PRA argues that its “request” for statutory interest “was merely an aspirational request to the state court, not a representation of the legal status of the debt.” PRA seriously mischaracterizes its complaint. PRA’s allegation was not, as the district court incorrectly stated, placed in the “prayer for relief’ section of the complaint. And although in some cases “the simple request for costs in an unstated amount, where such costs are permitted by state law ... is not a false representation and does not violate” the FDCPA, this is true not because there is a special rule for requests but because the implied representation is accurate. Clark v. Main Street Acquisition Corp., 553 Fed.Appx. 510, 514-15 (6th Cir.2014). PRA’s allegation was hardly a “request,” simple or otherwise. PRA’s numbered allegations in the complaint included that “The Defendant(s) owes Plaintiff $2630.95, with interest thereon at the rate of 8% per annum.” (Emphasis added.) Never mind the least sophisticated consumer standard — even a sophisticated consumer would read that numbered paragraph from the complaint to be a factual allegation rather than an “aspirational request.” Thus, PRA’s argument fails for two reasons: PRA’s allegation was not a “simple request” and there is no protection for a representation that is inaccurate.

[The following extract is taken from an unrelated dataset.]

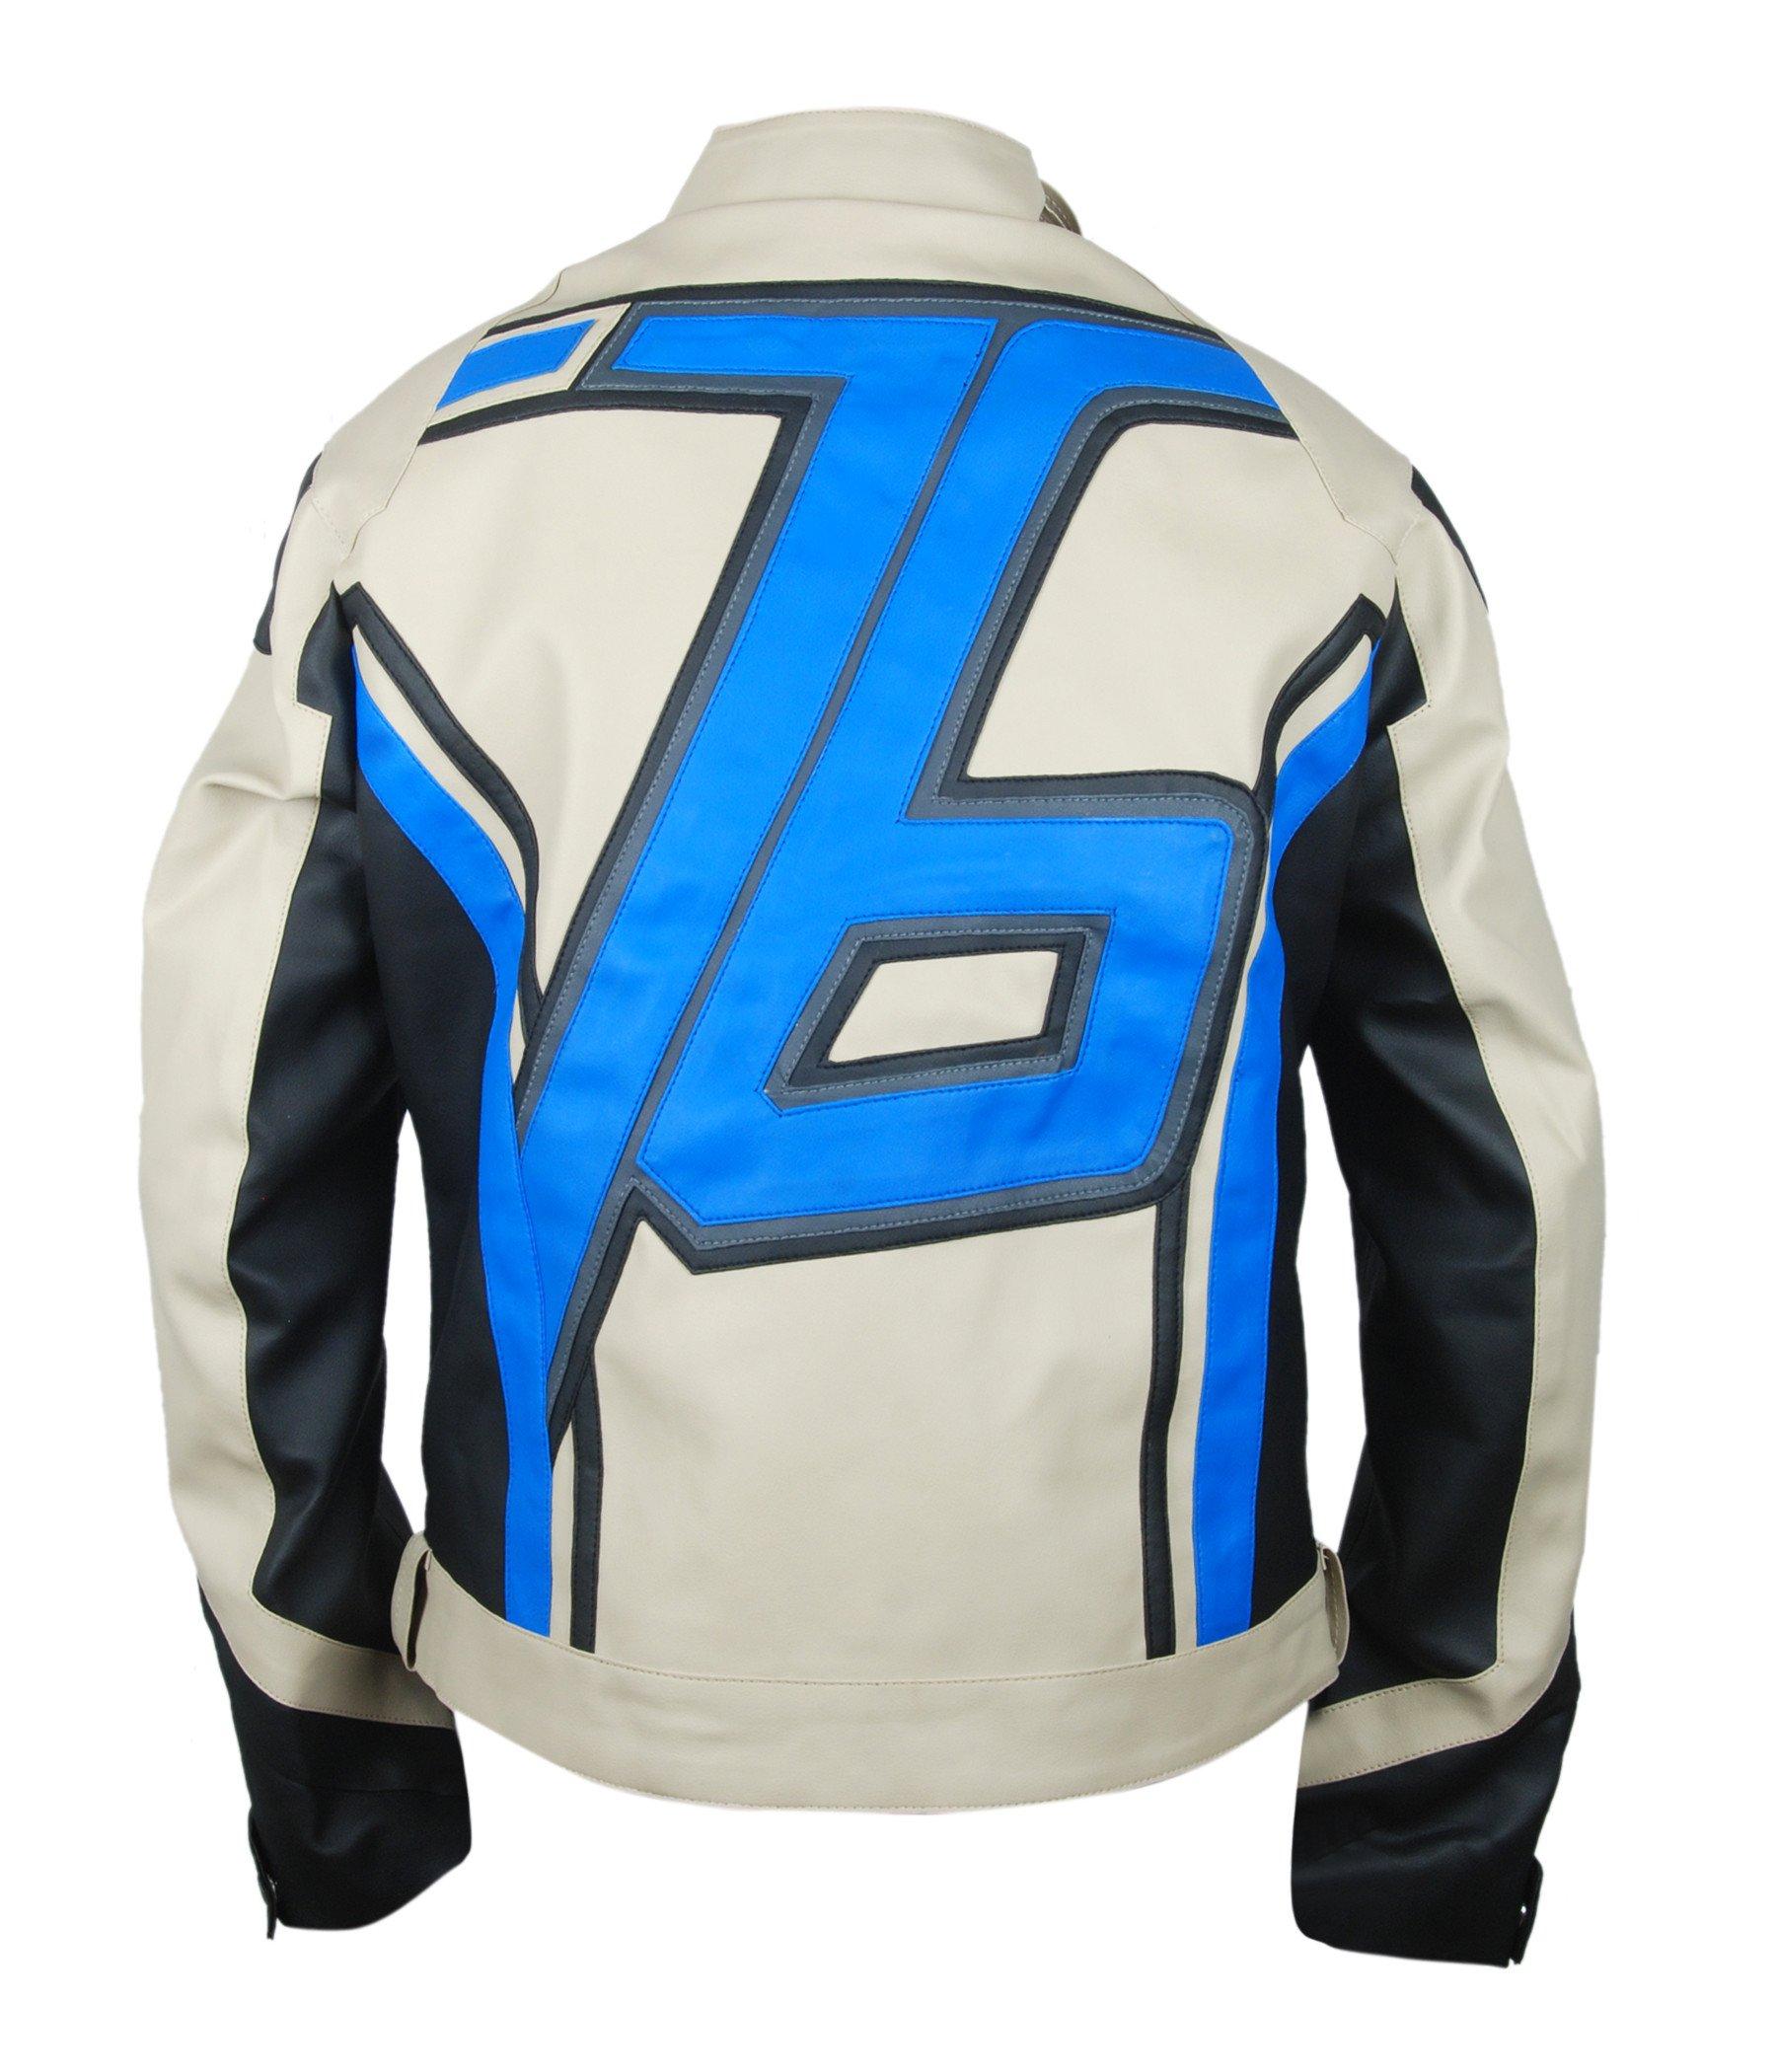 F&H Men's Beige Overwatch Soldier 76 John ''Jack'' Morrison Genuine Leather Jacket L Multi by Flesh & Hide

Saying that Stratton owed $2630.95 plus whatever interest the court chooses to award is simply not the same as saying that Stratton owed $2630.95 plus 8% interest from the date GE charged off her account. PRA averred the latter. It is therefore plausible that PRA’s complaint falsely represents both the “character” and “amount” of Stratton’s debt. An unsophisticated consumer would most certainly have been misled.
CONCLUSION
Basic principles of contract law and statutory construction bind PRA to its and its assignor’s business decisions. The FDCPA governs debt collection in or out of court; it does not allow debt collectors to use litigation as a vehicle for abusive and unfair practices that the Act forbids. The district court’s judicial gloss conflicts with the text and purpose of the FDCPA and ignores the reality of the debt collec*452tion business, where “some debt collectors have foregone all meaningful attempts to communicate with debtors and have instead opted to file lawsuits against debtors en masse in an effort to collect enforceable default judgments.” Matthew R. Bremner, The Need for Reform in the Age of Financial Chaos, 76 Brook. L.Rev. 1558, 1587 (2011); see also Crawford v. LVNV Funding, LLC, 758 F.Sd 1254, 1256 (11th Cir.2014) (“A deluge has swept through U.S. bankruptcy courts of late. Consumer debt buyers ... are filing proofs of claim on debts deemed unenforceable under state statutes of limitations.”). By alleging in a complaint that a consumer owes interest that had in fact been waived, a debt collector may be able to secure a default judgment for an amount the consumer does not actually owe. See Suesz, 757 F.3d at 639. The FDCPA proscribes such practices.
We hold that Stratton has plausibly alleged that PRA violated the Fair Debt Collection Practices Act. We REVERSE the district court’s order dismissing the case and remand for proceedings consistent with this opinion.